Фу ты, Господи, и — бульк-бульк — булькнула на самое дно…
IX
…Онегин жил анахоретом,
В седьмом часу вставал он летом
И отправлялся налегке
К бегущей под горой реке.
…Он не рассказал про туман. В седьмом часу туман, сходивший ночью с холмов на припойменные луга, еще стоял над рекой во всей красе: густой белый дым тек вдоль реки, расходясь клубами в разные стороны. Саму реку — кромку, берег — нужно было сперва нащупывать осторожно носком сапога или палкой, не то можно свалиться в воду. Бух! Геллеспонт… Его Геллеспонт был глубок и узок. Александр раздевался донага и нырял в темноту, в небытие — чтоб вынырнуть затем по ту сторону жизни. В воде, как все, он становился бесплотен — одна душа. (“Так будет и после смерти, должно быть!” — думал он, и эта мысль лишала его страха конца.) Была одна душа — и эта душа любила. В те миги бестелесности любила больше всего. После он стоял сколько-то времени на другом берегу, обсыхая и чувствуя возрождающуюся плоть. Чтоб нырнуть опять и вынырнуть — на ту сторону. Как-то он не нашел на берегу своих одежд — просто места, где разделся. Пришлось топать домой нагишом. Пока поднимался на холм и входил во двор, девчонки дворовые, уже давно вставшие ото сна и призванные к земным делам, подталкивали друг друга, притворно отворачиваясь, и откровенно смеялись вслед, а он смиренно прикрывал причинное место ладонями. (На Святой Руси не штука ходить нагишом — да хамы смеются!) В другой раз — чуть не наступил у берега на чью-то голову: голова оказалась знакомой — жена старосты из соседской деревни — и валялась тут с мужиком, уже из его деревни. Торчали две головы. (Как все просто, Боже мой, как примитивно! Может, так и надо?) Баба испугалась, но не слишком, и, запрокинув назад лицо, быстро сказала мужику: “Ой, барин Михайловский! Поздоровайся! (И продолжила.) Ну, давай-давай! Эх ты, ледащий, а я не успела!” — и стоны пропали в траве. Он почему-то вспомнил Алену Михайловскую. Она была чем-то похожа на ту. Та была теперь Анна Керн — приезжая из Риги, жена генерала — и больше никем быть не могла. Перелетное виденье…

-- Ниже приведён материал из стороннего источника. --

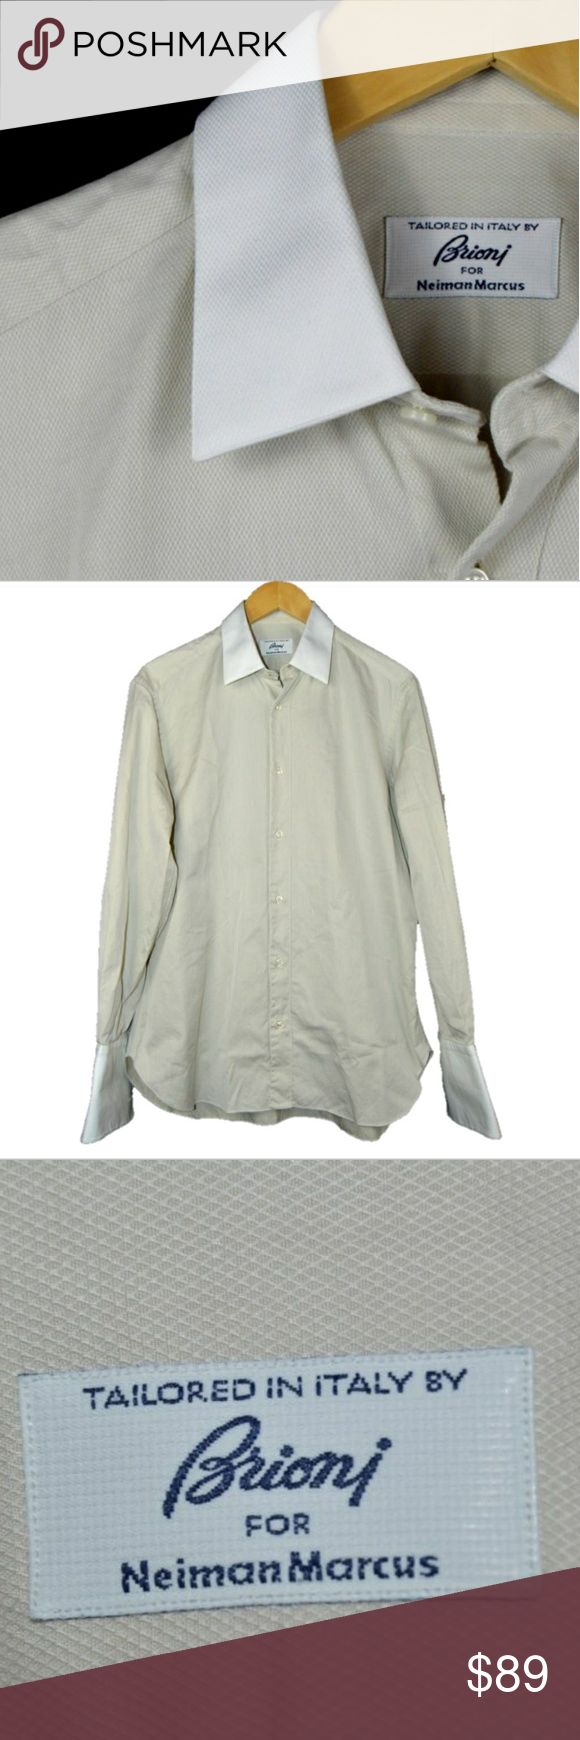 Brioni French cuff dress shirt beige w. white Brioni French cuff dress shirt beige w. white collar 15R Brioni Shirts Dress Shirts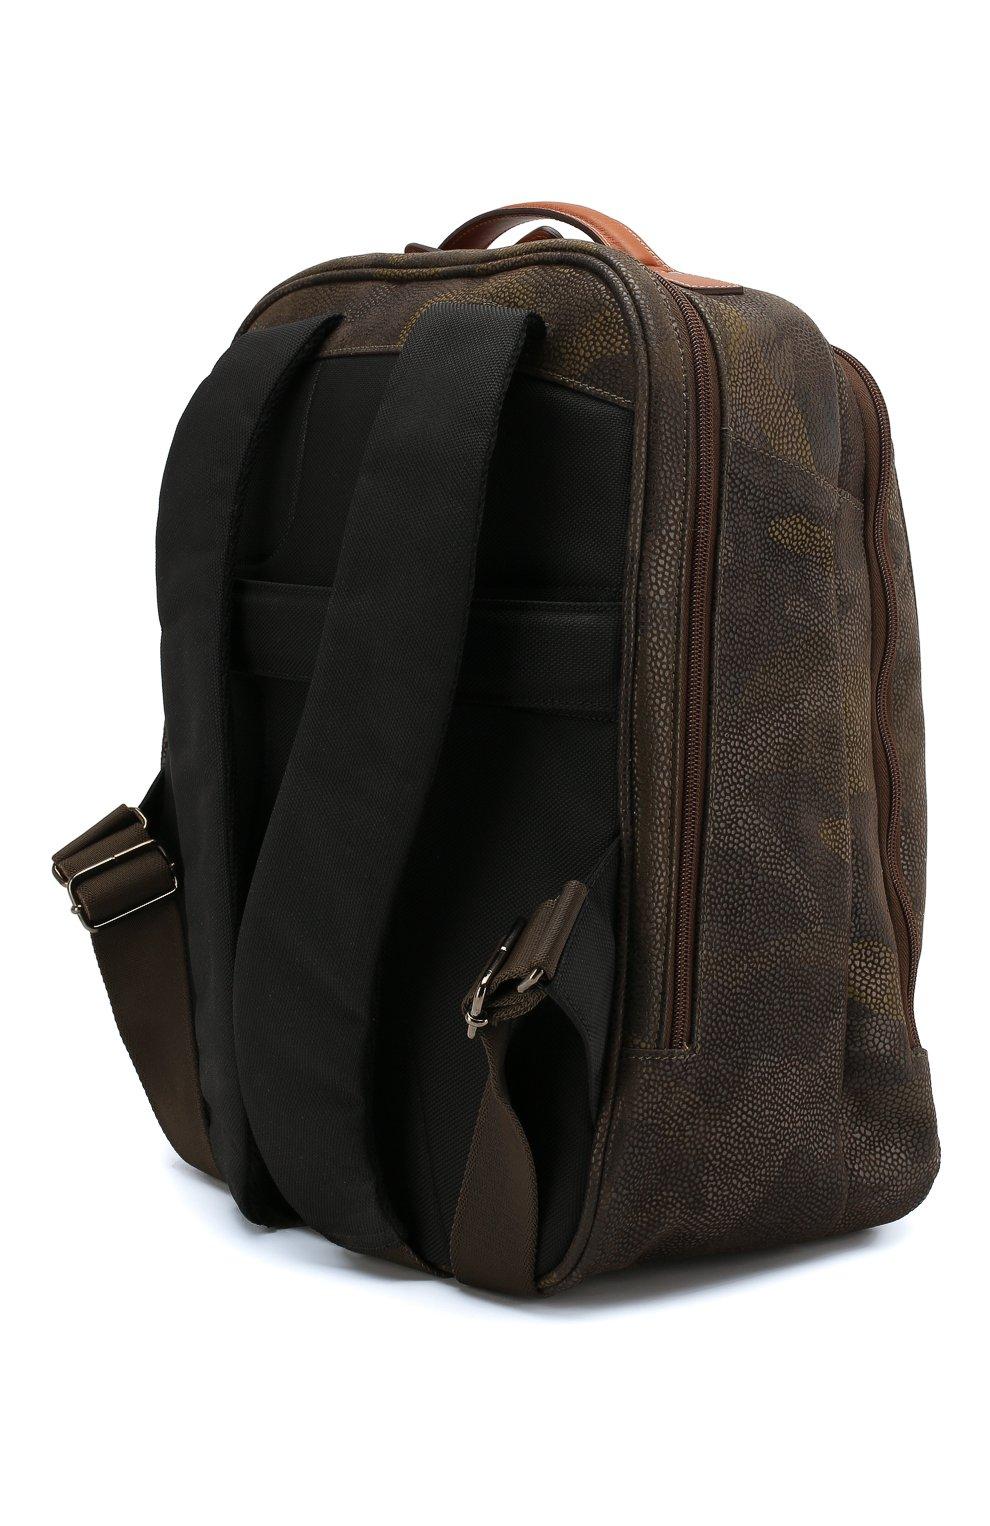 Женский дорожный рюкзак life BRIC`S оливкового цвета, арт. BL8 04658 | Фото 2

Между прочим, в тот же час поутру Керн в Тригорском тоже частенько спускалась к реке. (Версты за две от него или две с половиной — всего-то, всего! Ау! Они вполне могли столкнуться нечаянно в этом чертовом тумане — сам Бог велел, но Бог не склонен подстраивать такие встречи.) Не купаться, нет, она уходила к реке. То была ее лубенская привычка. Она была с Украйны, и лес ей не был родным, другое дело — степь. Мокрые поутру луга над Соротью ее устраивали. Млечный путь спустился с небес и остановился меж землей и небом, будто подтверждая божественное присутствие. (Она была истинно религиозна.) Она бродила по краю тумана (так называла про себя), туман висел клоками и был невыносимо поэтичен. Об этих ее прогулках мало кто знал, даже из домашних. Она бродила и жалела себя. Мучительно. До духоты в душе. Какая я несчастная! И говорила все, что нельзя выговорить, — даже тетке Феодосье Петровне. Возвращалась к себе и спокойно засыпала. А утром вставала поздно, иногда даже не выходила к завтраку, и ее считали соней.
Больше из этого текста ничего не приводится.